Michael Vaughan, Gary Pratt and Andrew Flintoff
I've never experienced anything like it and probably won't ever again. It was mind-blowing
Gary Pratt (centre)

Gary Pratt is keeping level-headed despite a cameo role in the Ashes series which has elevated him to a cult figure in English cricket.

Pratt, a fringe player for Durham, upset the Aussies when running out skipper Ricky Ponting as a sub fielder at a key moment in the fourth Test.

"My feet are on the ground and I'm just concentrating on getting in the Durham side," Pratt told BBC Sport.

"It was just a normal, everyday thing you do - pick a ball up and throw it."

Ponting's dismissal turned the tide of the Trent Bridge Test - and the Ashes series - England's way, and brought to a head Australia's resentment over the home side's use of substitute fielders.

Ponting let fly at the England dressing room as he trudged off the field and was later fined 75% of his 5,200 match fee, even though Pratt was legitimately on the field for the injured Simon Jones.

"It was quite a big moment in the series. I've seen the run-out a few times on video and it looks quite nice to be honest," Pratt added.

Ricky Ponting is run out at Trent Bridge
I didn't even think about missing. I knew from the moment it left my hand it was the one
Gary Pratt

His fielding heroics, and the Australian indignation that followed, saw England fans latch onto him as some sort of ironic hero.

A group of fans at the fifth Test proudly donned Gary Pratt T-shirts, while a placard was spotted at Tuesday's Tragalgar Square bus parade carrying the words 'Pratt for OBE".
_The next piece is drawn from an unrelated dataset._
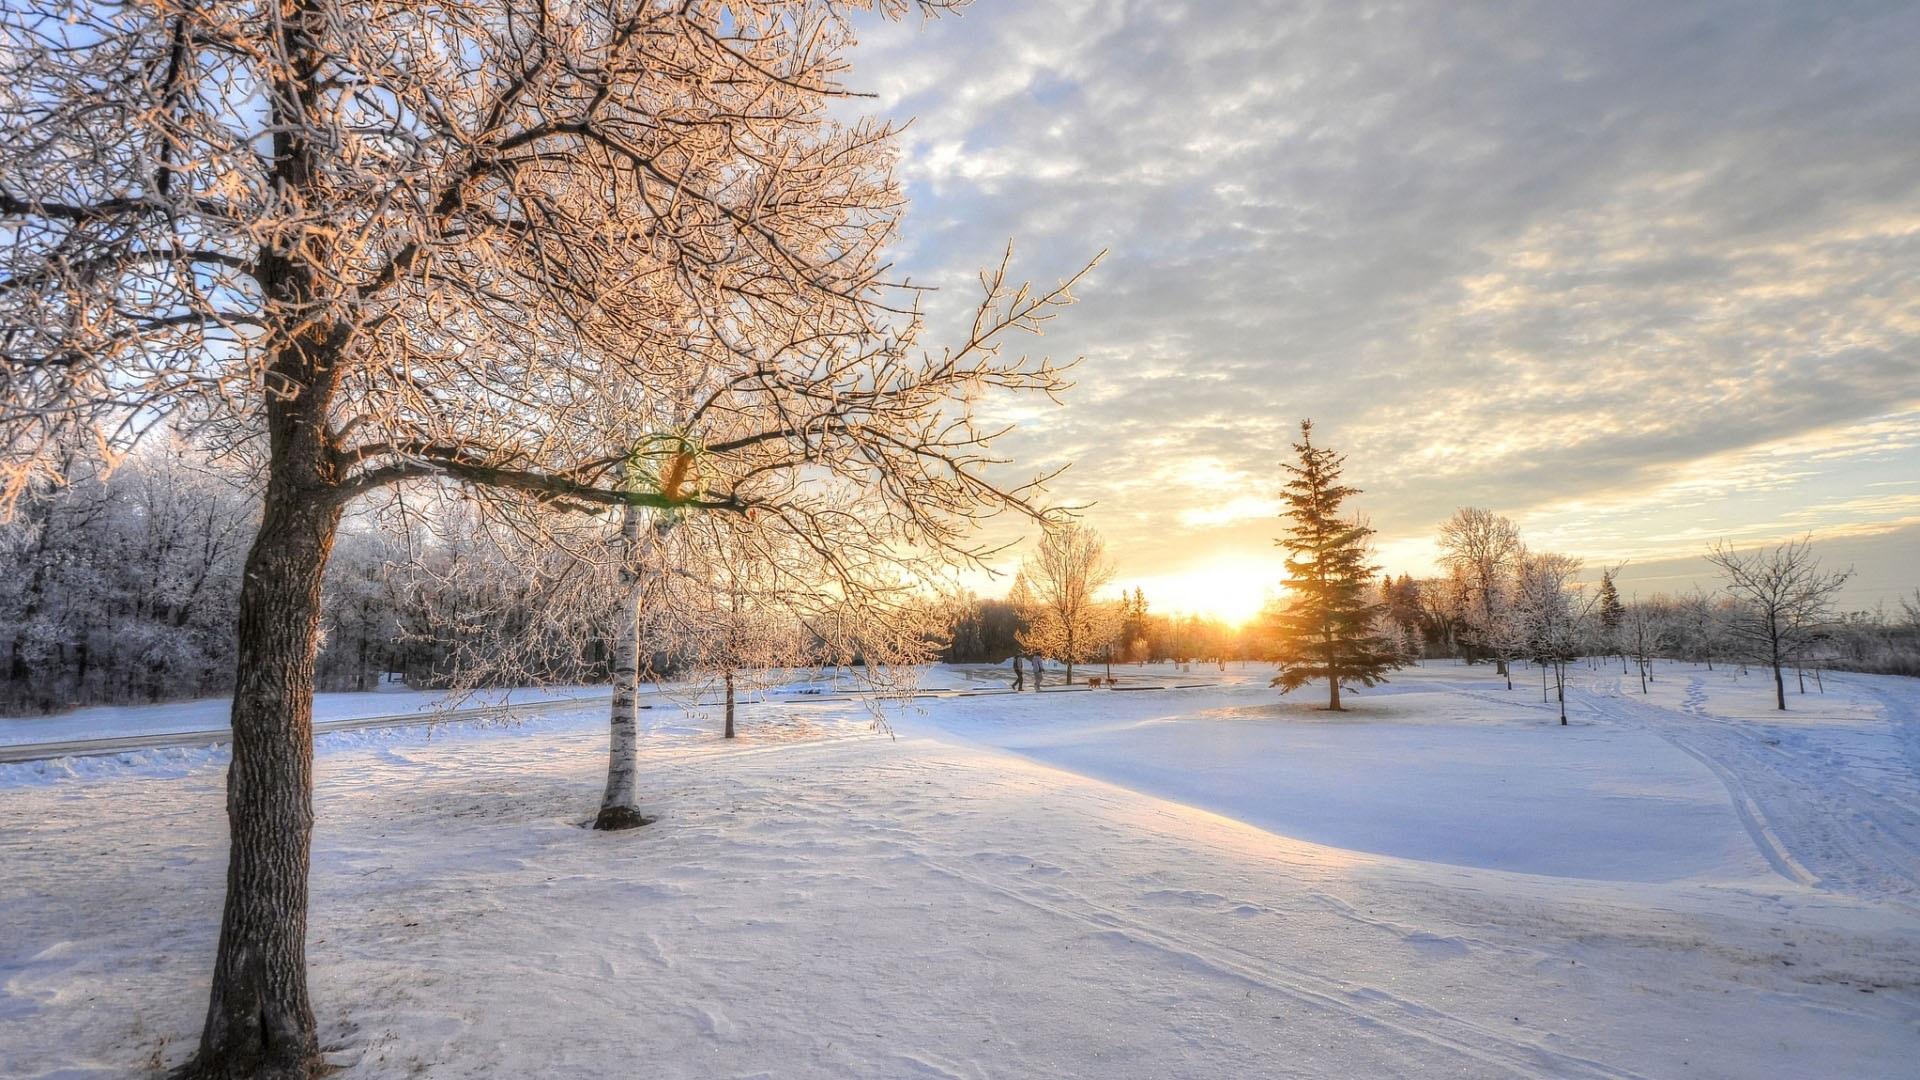 paysage hiver neige 002 saint jean baptiste en la fen tre de theux. Black Bedroom Furniture Sets. Home Design Ideas

The 23-year-old is a one-day regular for his county side but has not played a Championship match all year.

Receiving the adoration of a nation alongside genuine stars like Andrew Flintoff was a culture shock.

"It's been very hectic but it's been great and I've been taking every moment of it in," Pratt said.
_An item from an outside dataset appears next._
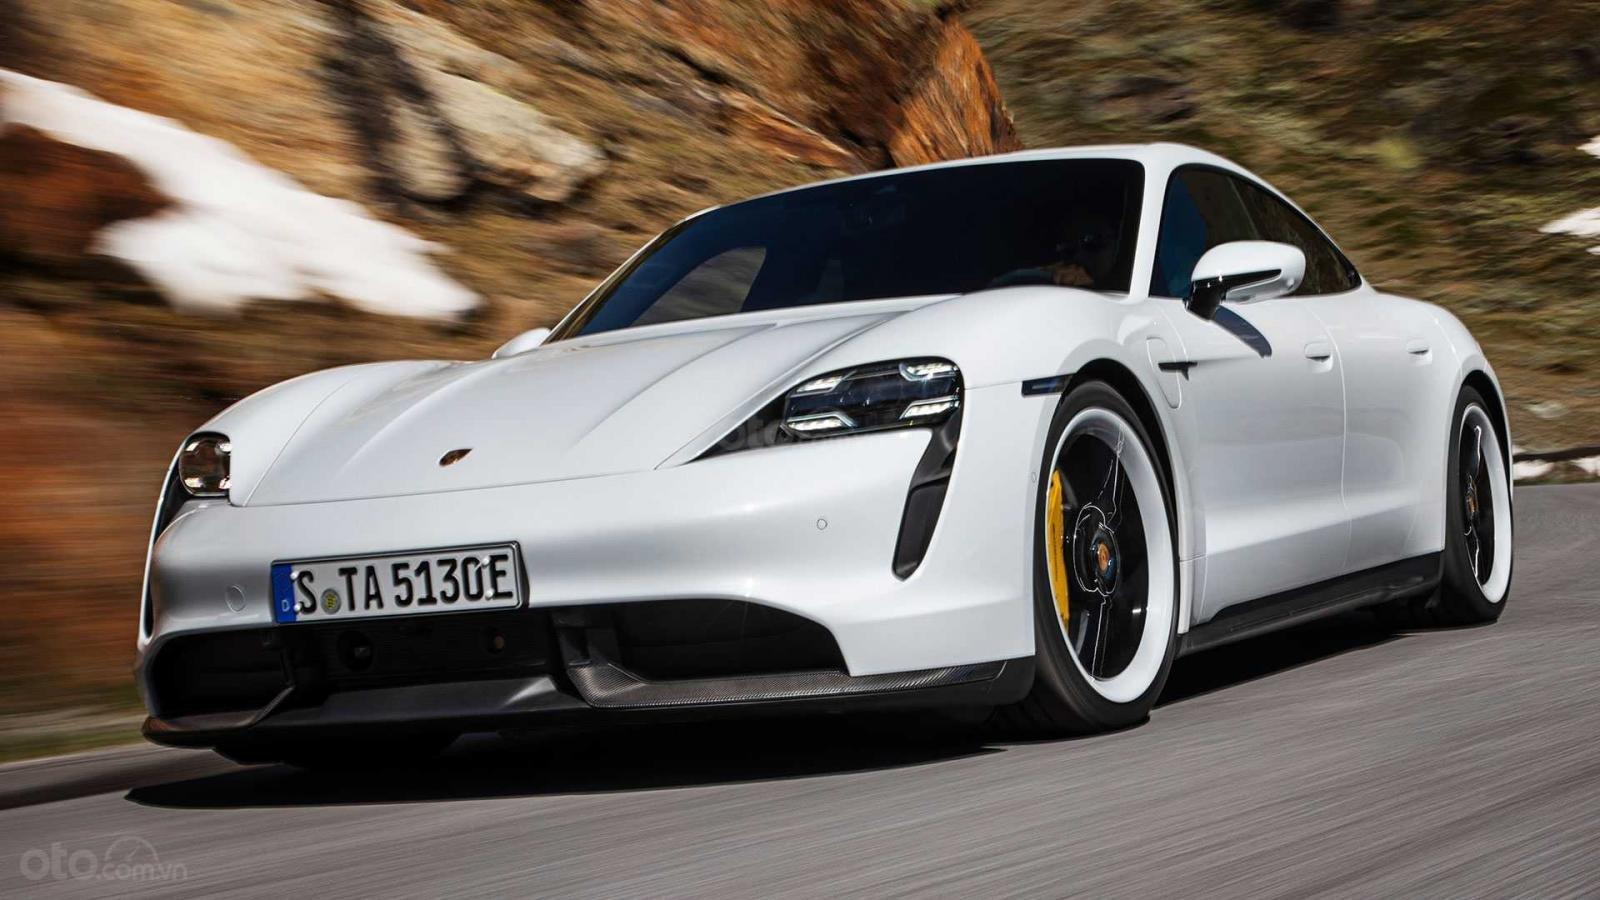 Porsche Taycan 2020 mạnh mẽ hơn hầu hết xe điện khác.

"Tuesday was absolutely fantastic. I've never experienced anything like it and probably won't ever again. It was mind-blowing.

"I've felt part of the side for a while now. I've only been helping out on 12th-man duties but I feel a really big part of it."

Pratt's expert fielding skills have been used by England since last summer, but he remained an unknown figure until that day in Nottingham when he secured his place in cricketing folklore.

Gary Pratt
Pratt has had a taster and wants to break into the England side

"I just wanted the ball to come to me every single ball," Pratt recalled.

"I remember Damien Martyn dropping one down, shouting yes and thinking to myself, 'right, that's me'.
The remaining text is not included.